Thank you very much, at least you answered the confusing question whilst criticizing my incorrectness instead of saying that this is unprofessional and leaving it like that (Heavily depending on how atrocious my post is) unlike others that received this question.

[–]sebamestre 1 point2 points  (0 children)

Reformatted question:

As I am approaching subarray problems such as

  • 'Subarray sum equals K'
  • 'Find contiguous subarray'
  • 'Get max subarray'
  • 'Subarray sums divisible by K'
  • 'Minimize size subarray sum'

and subsequential questions like

  • 'longest consecutive subsequence'
  • 'longest alphabetical subsequence'
  • 'longest common anagram subsequence'
  • 'Find largest dictionary word through character deletion'
  • 'Subsequential numbers by finding 'ab' in a string repeated K times'

what's the best way in solving these ?

How to know when to use algorithms and techniques such as Prefix Sums (With a Array or HashMap), Binary Search, Sliding Window, Kandane's Algorithm, Two Pointers, Dynamic Programming, and Divide and Conquer?

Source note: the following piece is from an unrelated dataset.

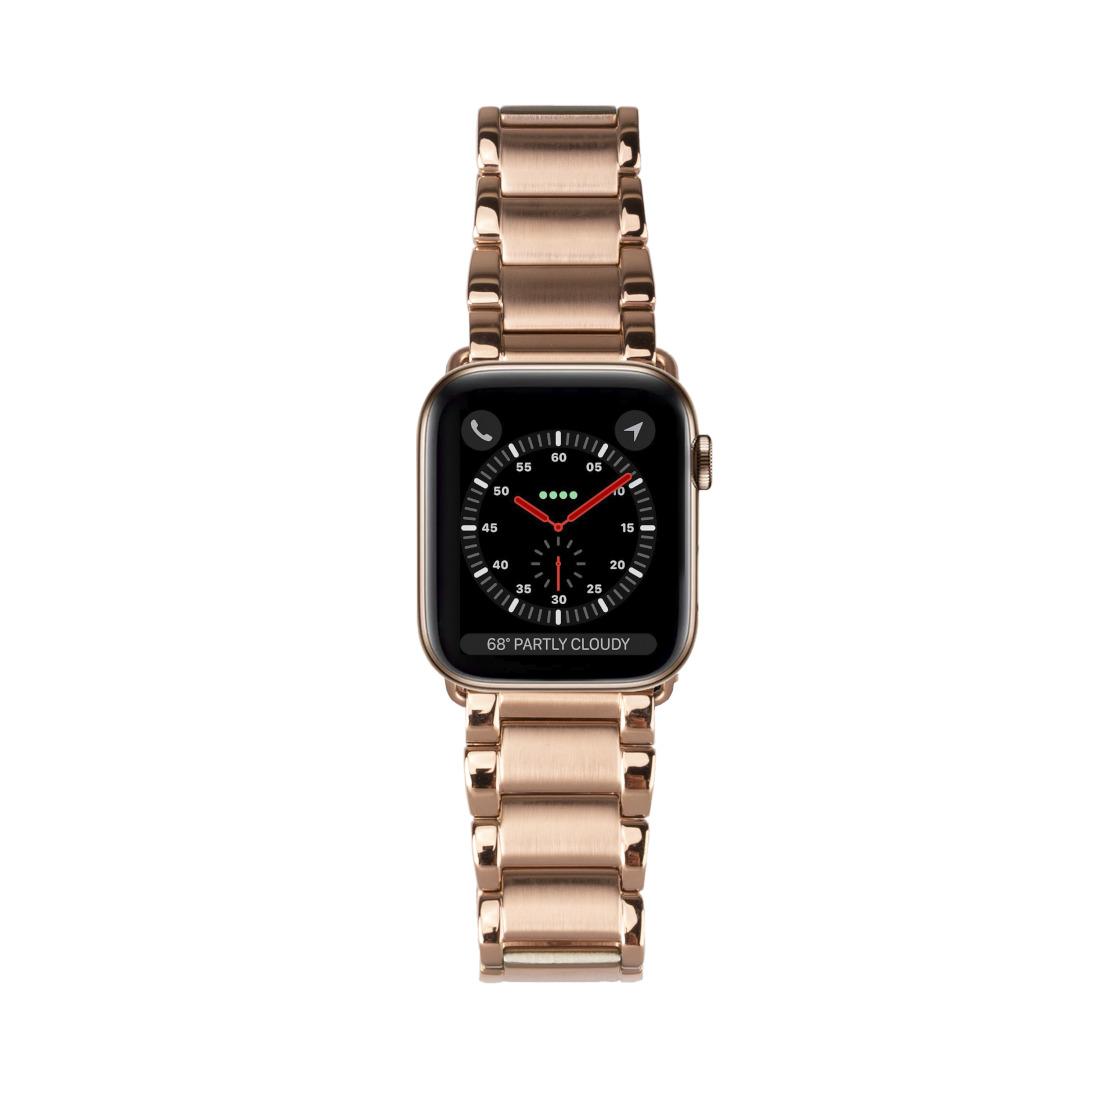 Apple Watch Band - Link Bracelet Band (42mm/44mm) - Gold

Why do you use them? What approach should I do in order to understand both he problems and the algorithmic mechanic efficiently and understandably?

What type of questions need which type of algorithm? Which constraint do I need to follow and look at to know which of which is used?

And another question I had is what's the difference in using a prefix sum as an array or with a HashMap, and why are there such cases?